**AIM OF THE TASK**. Look through the records below for the line with "Die Kanada-Flagge bewegt". Return that line and each one after it up to and including the line with "CERCLES LAITON, 2019", exactly.

**GIVEN RECORDS**.
::::::::

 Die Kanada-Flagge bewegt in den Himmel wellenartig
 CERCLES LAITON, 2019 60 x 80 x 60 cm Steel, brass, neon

::::::::

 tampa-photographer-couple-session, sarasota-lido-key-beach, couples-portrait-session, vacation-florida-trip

::::::::

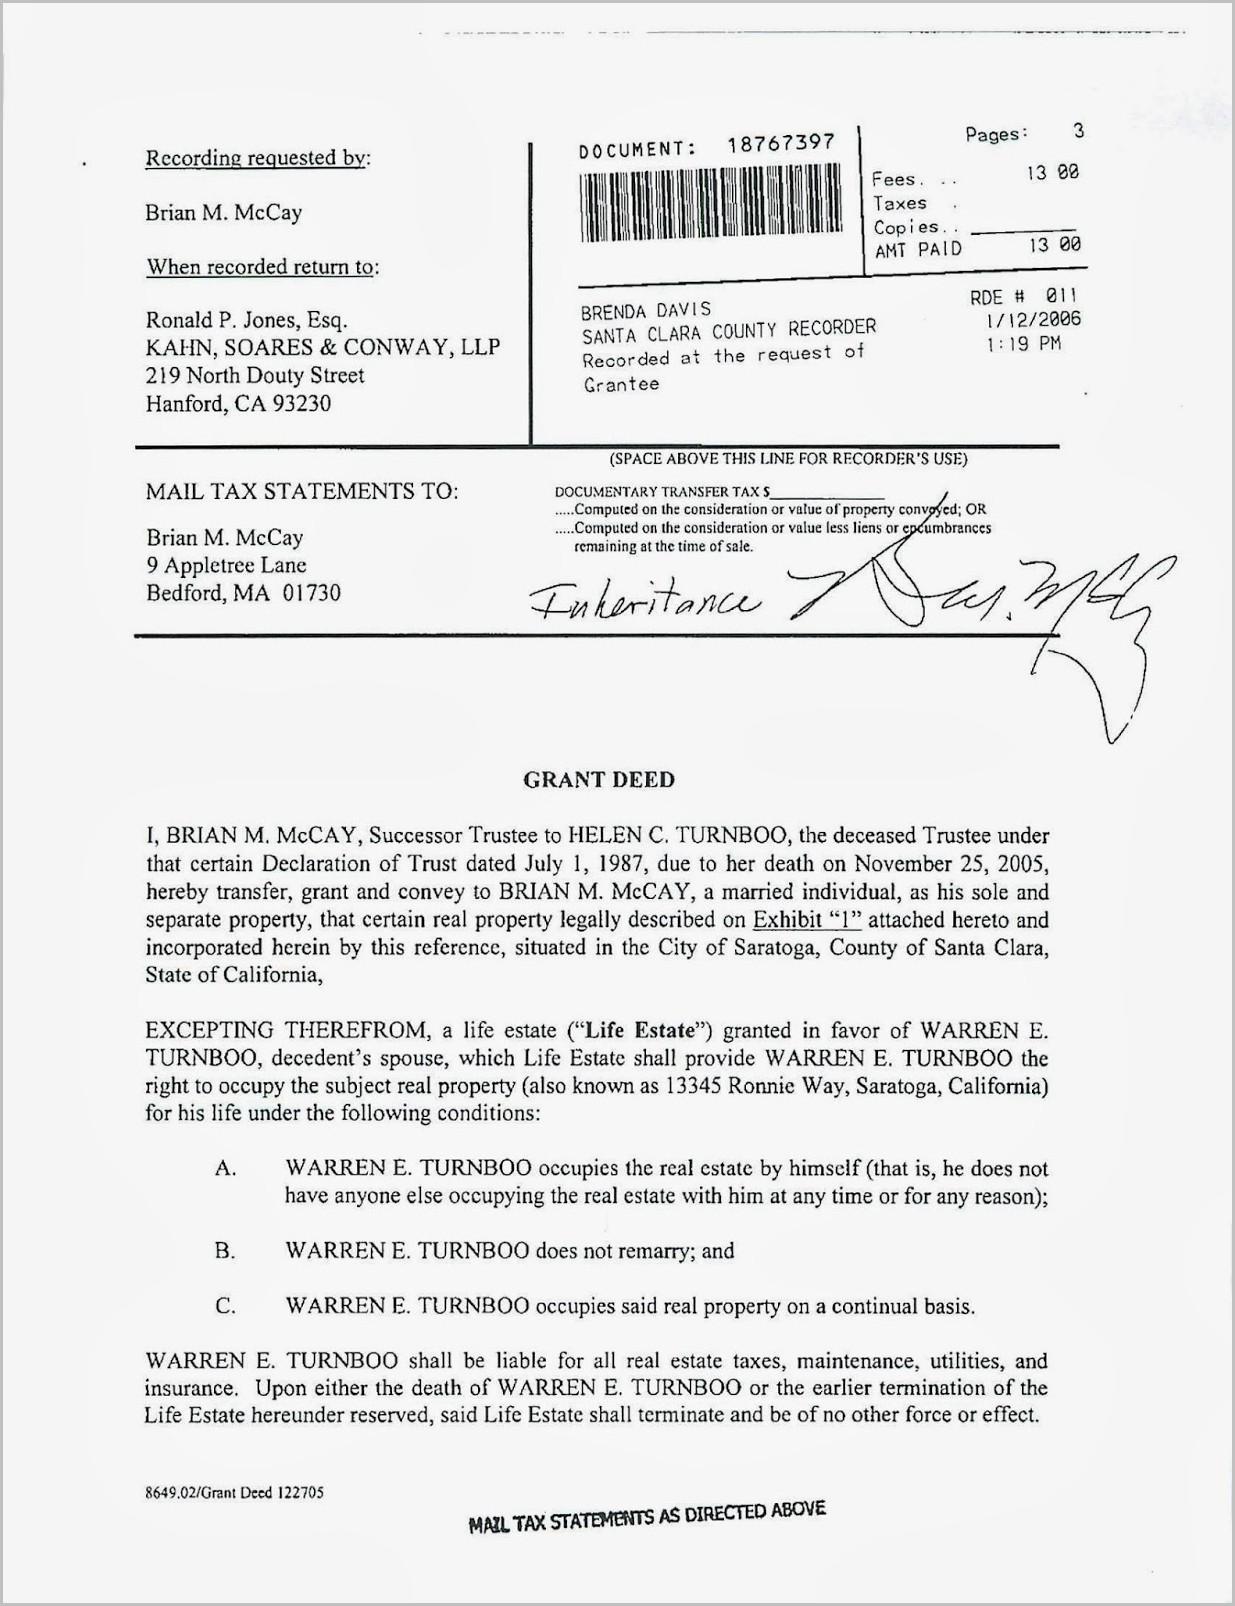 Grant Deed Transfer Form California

::::::::

**ANSWER SECTION**.
 Die Kanada-Flagge bewegt in den Himmel wellenartig
 CERCLES LAITON, 2019 60 x 80 x 60 cm Steel, brass, neon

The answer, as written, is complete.